知られざるイチローのスペイン語能力 日本の安打製造機がラテン系の選手から尊敬を集める理由を米高級紙が特集

イチローはラテン系の選手たちにとってカリスマであり、よき友人

 ただ、ベース上での非公式な会話となると別なようだ。イバネスは、イチローのスペイン語習得の努力が、他の選手たちに大きな財産をもたらしていると考えている。

「彼は偏見を持たれることにとても敏感なんだと思う。自分の立場やこれまでの業績を理解した上で、そういった機会を使って短い言葉で彼の別の側面を見せているんだ。カルロス・ペーニャはいつまでも、ほかのいろんなことよりも(イチローとのやりとりを)覚えているだろう。引退したときに、チームメートや対戦相手と交流した瞬間が財産になる。イチローがみんなに残そうとしているものはそれで、みんな彼が殿堂入りプレイヤーだと知っているから偉大な財産だよ」

 記事では、イバネスの言葉を証明する具体的なエピソードがさらに紹介されている。

「現在、タイガースでプレーするビクター・マルティネスは、インディアンスで捕手だった時に、イチローが『muy peligroso(超危険)』という単語をふざけて誰かに言うのを聞いた。別の機会にイチローが打席に立った際、マルティネスは同じ言葉をかけると、笑われたという。それからの打席で、イチローは打ちにくい球をファウルにすると、ためらわずに『Mala mia(悪いね)』とスペイン語で冗談を飛ばすようになった」

 現在のメジャー最強打者との心温まるエピソードもある。昨年まで2年連続MVPに輝いたタイガースのミゲル・カブレラとも、イチローはスペイン語でコミュニケーションを取っているという。

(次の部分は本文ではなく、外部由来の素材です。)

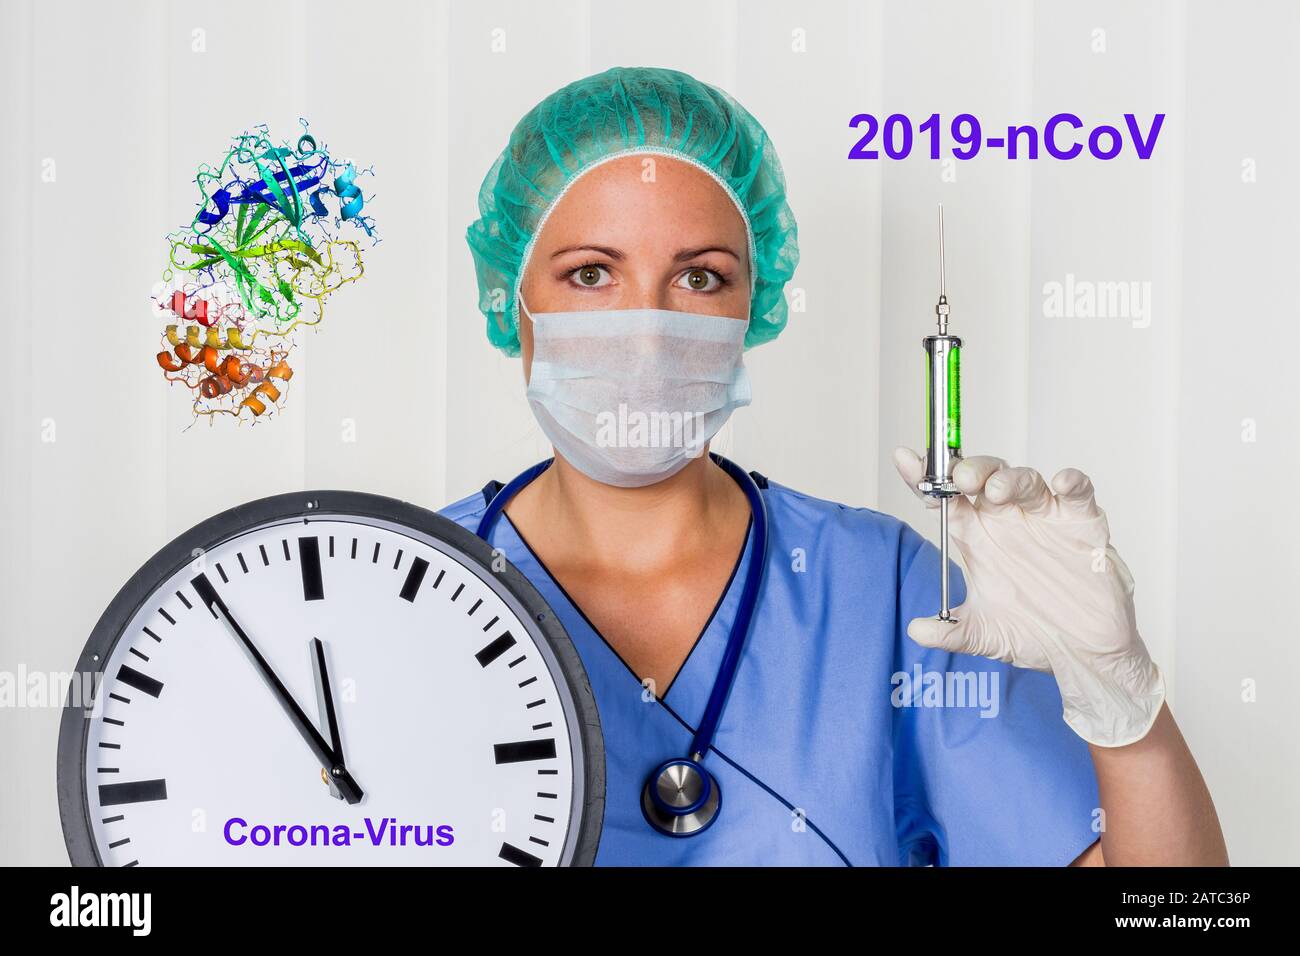 Ärztin mit Spritze und Corona-Virus, Wecker, 5 vor 12, Lebensgefahr, 2019-nCoV, Stock Photo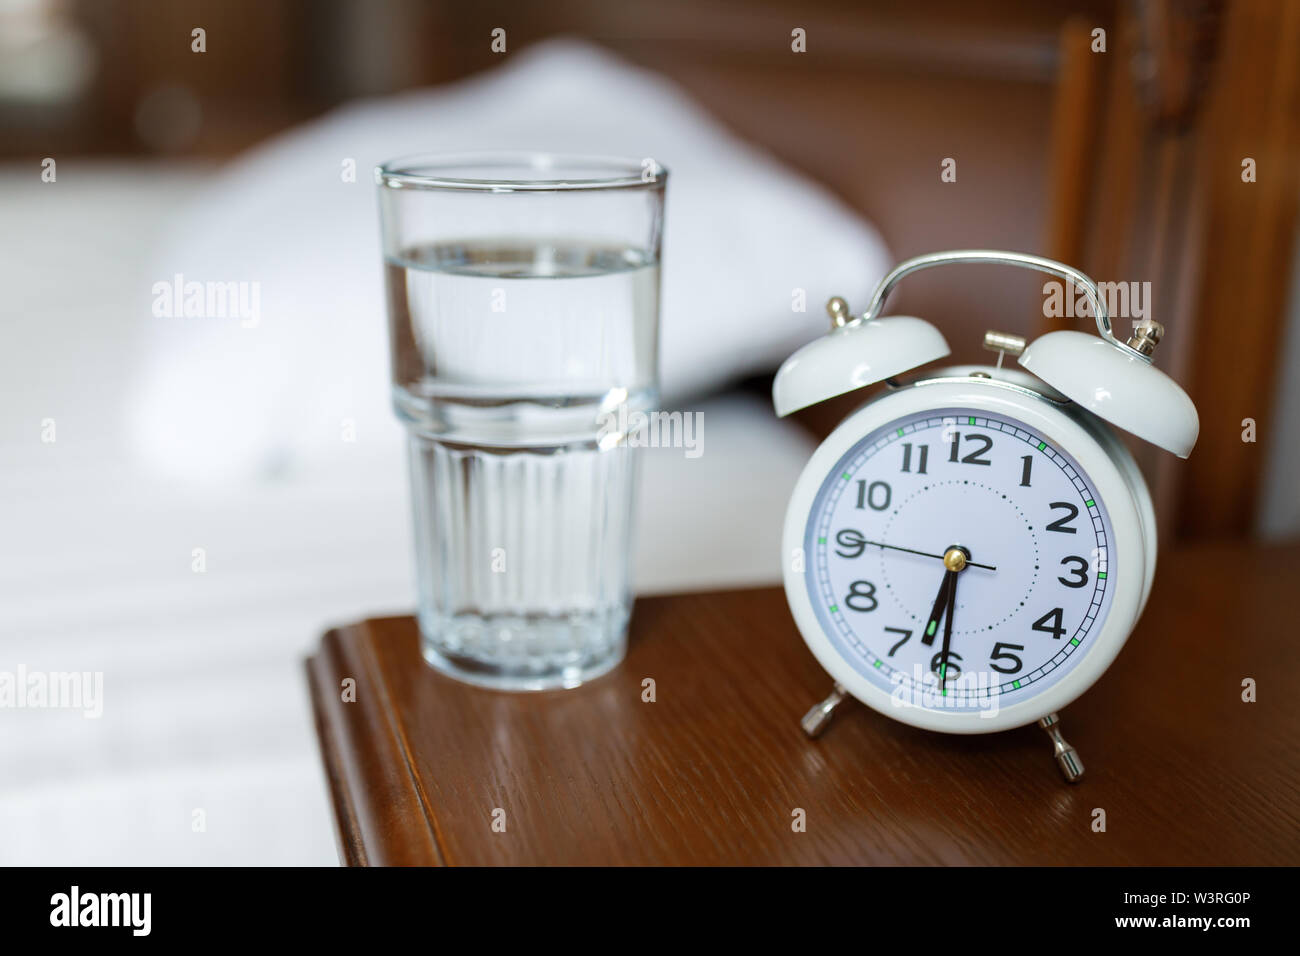 Un reloj despertador blanco y un vaso de agua en una mesita de madera. Foto de stock

 2004年のヒューストンでオールスターゲームが開かれたとき、7人のベネズエラ選手が記念撮影の準備をしていると、そこにイチローが入るよう呼ばれた。結果的に写真には8人の選手が写ったが、これが当時マーリンズに所属していたミゲル・カブレラとイチローの最初の出会いだったという。そして、記事はこんな後日談で締めくくられている。

「月日が経ち、カブレラはタイガースの一員としてイチローのいるヤンキースと試合をした。カブレラはイチローが走路に現れた時に『Feo!』と叫んだ。『醜い』と言われたことを理解したイチローは、笑顔でスペイン語を返したが、その言葉は英語でも印刷するのに不適切なものだった」

 ラテン系の選手たちにとって、イチローはカリスマでありながら、よき友人でもある。だからこそ、尊敬を集める。この記事に登場した選手だけでなく、昨季までヤンキースに所属していたマリナーズのロビンソン・カノや、レッドソックスのデビッド・オルティスらとも親密な関係を築いている。

 イチローが出塁し、ベース上でラテン系の選手とコミュニケーションを取っているとき、どんなくだらない会話をしているのか。そんなことを想像して試合を見ていると、新たな楽しみが生まれてくる。